Write out word for word the lines from the one holding "Стимулятор Роста АКТИВНЫЙ" through the end of the data, and only those lines. Pictures stay out.

*** DATA SHOWN ***

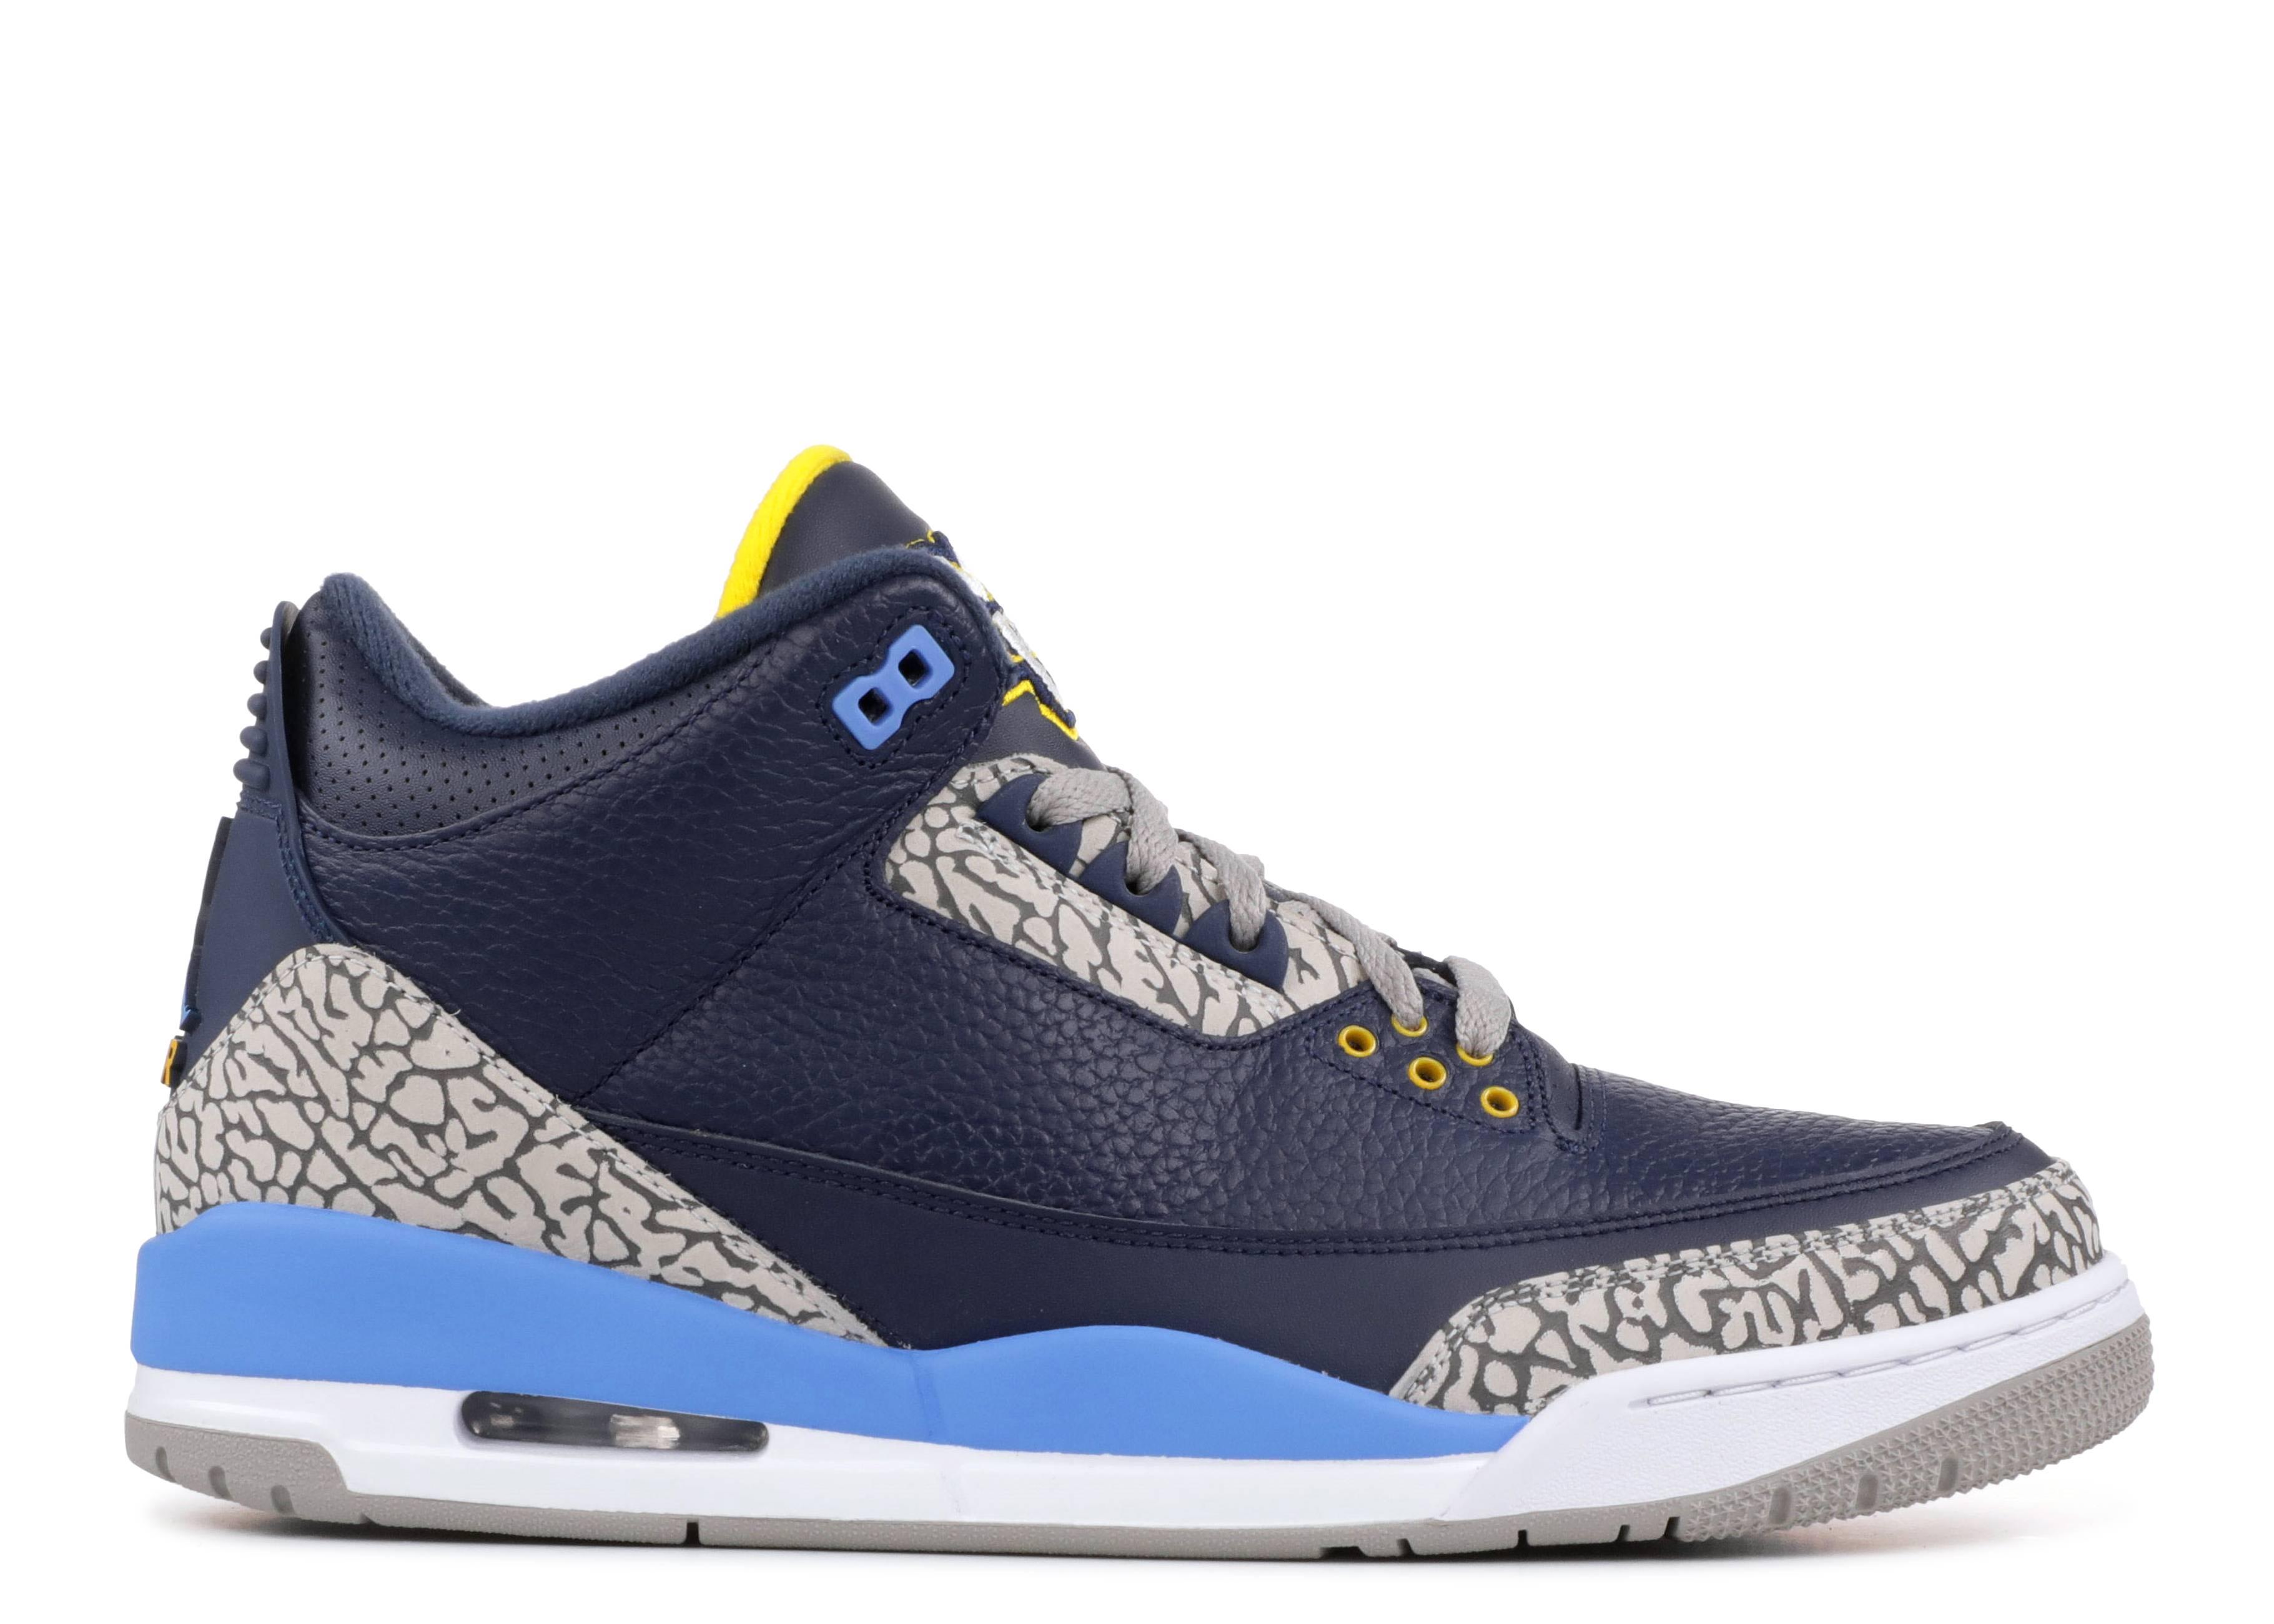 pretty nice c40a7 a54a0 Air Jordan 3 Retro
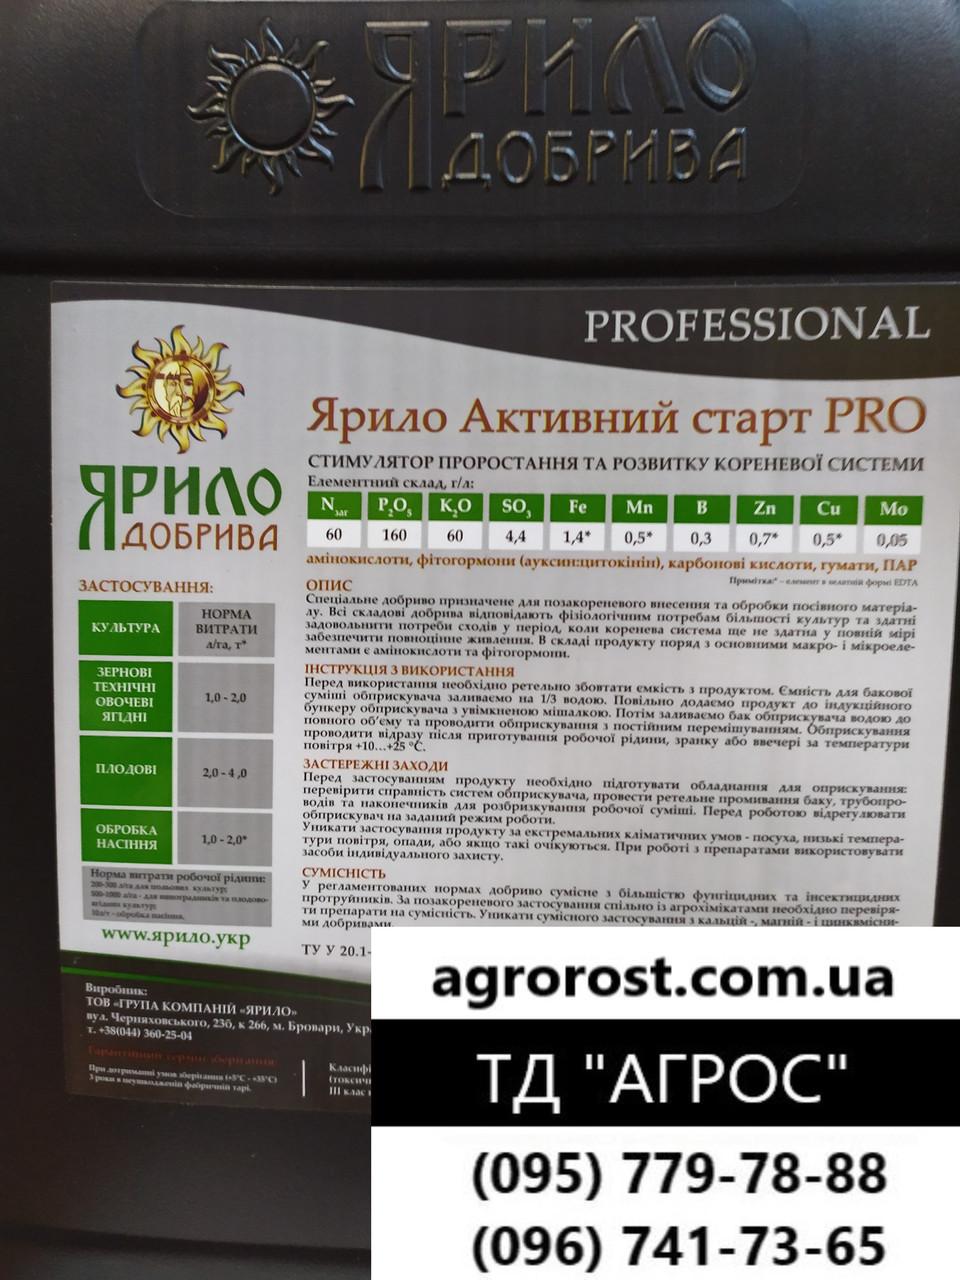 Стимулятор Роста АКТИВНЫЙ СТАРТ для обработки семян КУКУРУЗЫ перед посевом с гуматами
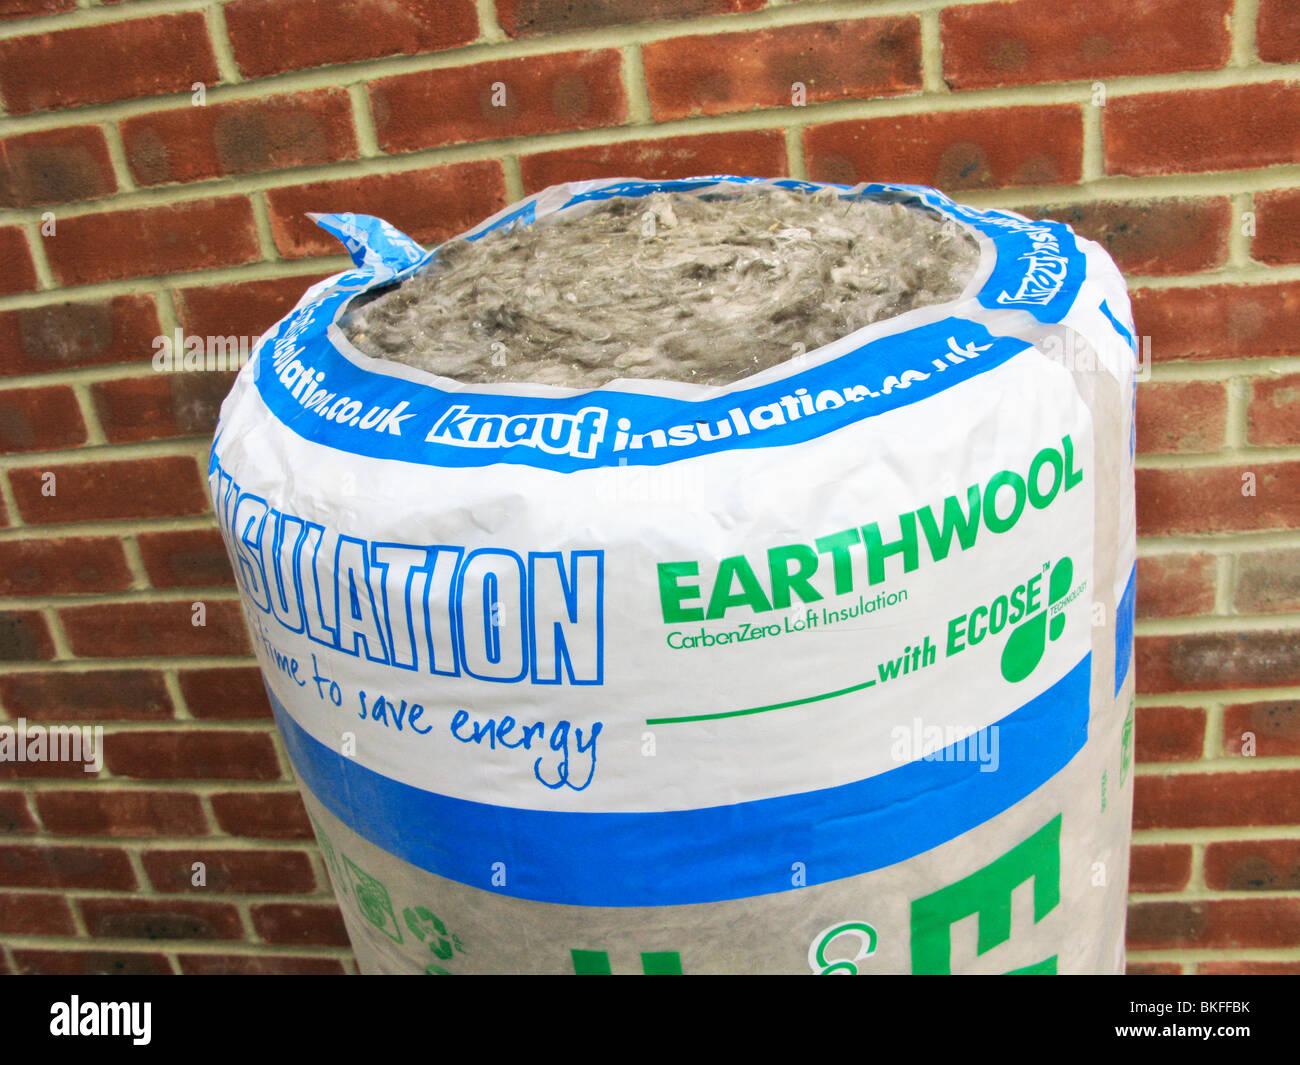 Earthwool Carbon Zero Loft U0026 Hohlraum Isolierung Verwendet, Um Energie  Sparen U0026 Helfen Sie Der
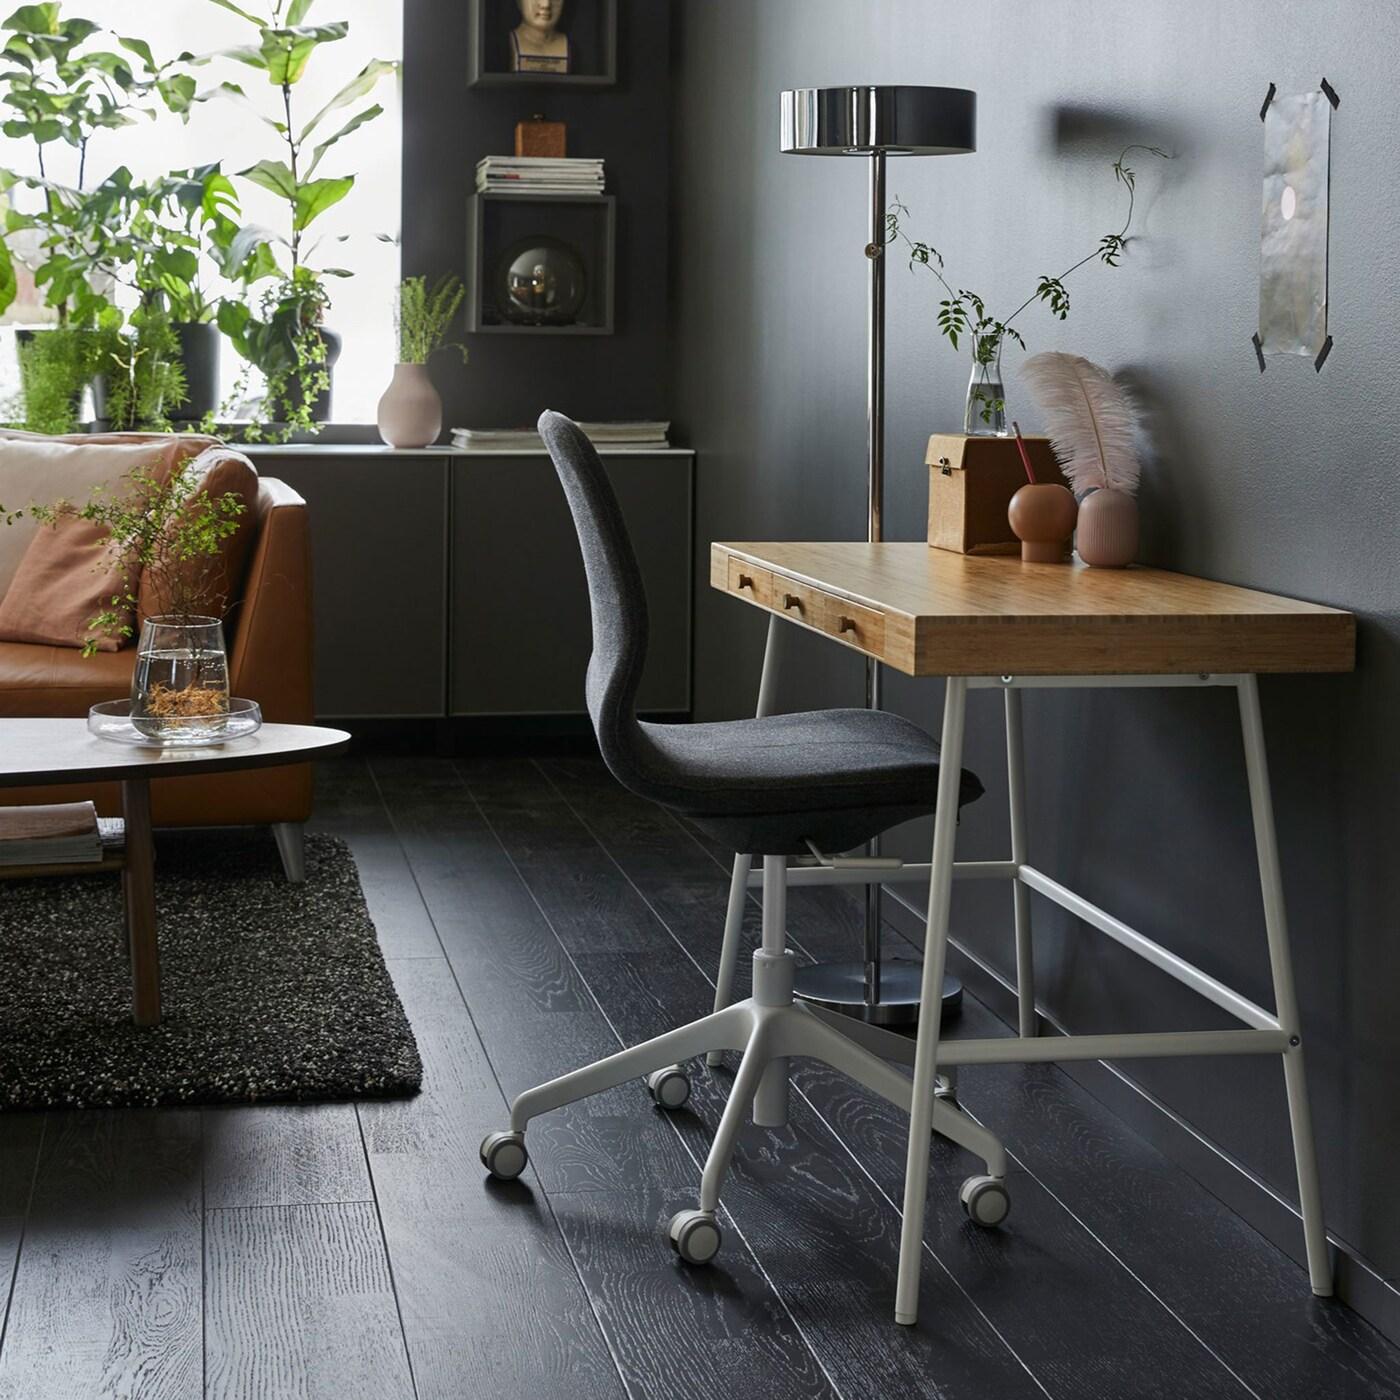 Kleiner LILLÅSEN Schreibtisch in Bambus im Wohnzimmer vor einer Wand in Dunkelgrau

***

| RESPONSE FOR THIS EXERCISE |
 Стимулятор Роста АКТИВНЫЙ СТАРТ для обработки семян КУКУРУЗЫ перед посевом с гуматами
 Earthwool Carbon Zero Loft U0026 Hohlraum Isolierung Verwendet, Um Energie  Sparen U0026 Helfen Sie Der
 Kleiner LILLÅSEN Schreibtisch in Bambus im Wohnzimmer vor einer Wand in Dunkelgrau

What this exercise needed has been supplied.